Tiger Woods has reportedly sought treatment for sex addiction. Given the tsunami of false reports about him, this rumor is highly suspect. Nevertheless, no one would be surprised if he joined the list of high-profile figures, usually men, who have been labeled sex addicts or actively sought treatment as such, e.g. David Duchovny, Charlie Sheen, Michael Douglas, Eliot Spitzer, Mark Foley and Ted Haggard, to name a few.

Whether applied earnestly or as a PR gloss for bad behavior, sex addiction is an increasingly common diagnosis. In my view, it's a problematic one. It's ambiguous, hard to define, blurry around the edges, and an excuse for not thinking. If a married man has a lot of extramarital sex, is he necessarily a sex addict? If a seemingly straight man frequents restrooms for casual sex, is he an addict? How much pornography does someone have to look at, how many hours spent in chat rooms, hookers hired, to go from "hound dog" to "sex addict?"

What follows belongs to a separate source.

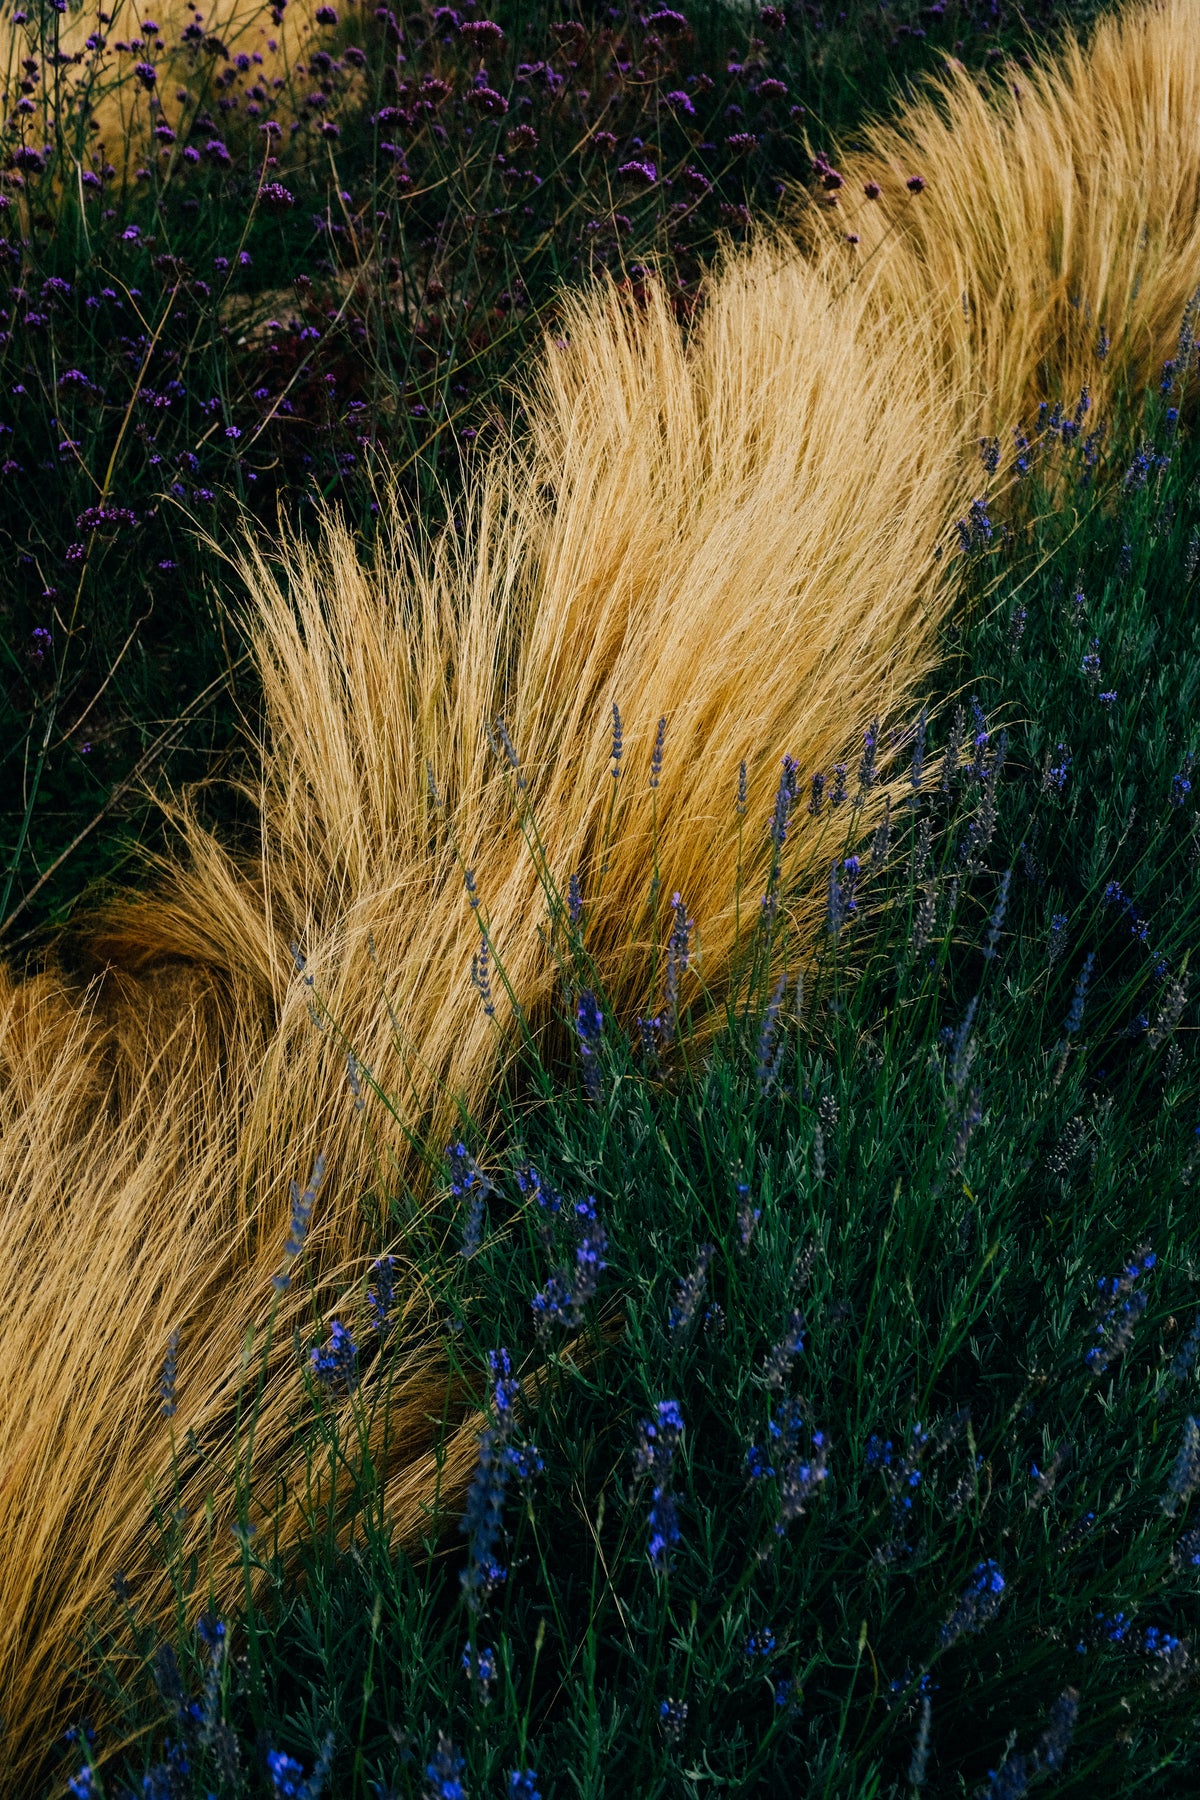 flowers and tall yellow grass grow in bunches

Current attempts at diagnosis focus on the extent to which sexual compulsions interfere with a person's good judgment or are pursued despite obvious risks to health, job and family. Anyone who has experienced such compulsions or has treated them knows what I mean -- the husband who spends untold hours cheating on his wife online or with hookers, spends money he doesn't have pursuing his sexual interests, engages in unsafe sex, etc. But how much risk does there have to be? If my lifestyle easily allows me to spend five hours a day surfing Internet porn or cruising for hookers, I may experience little risk but a high level of compulsion. If I feel too guilty to leave a terrible marriage and instead have a series of affairs, am I being compulsive or simply escaping a lonely existence? What about a priest who feels compelled to have sex, thereby risking his entire identity and belief-system; is he a sex addict or did he choose a ridiculously unhealthy lifestyle? Subjective experiences are clearly unreliable: Some people with very strict consciences and conservative backgrounds experience almost any sexual impulse as "out of control," while for others, living in a Fellini film would barely make the forbidden list.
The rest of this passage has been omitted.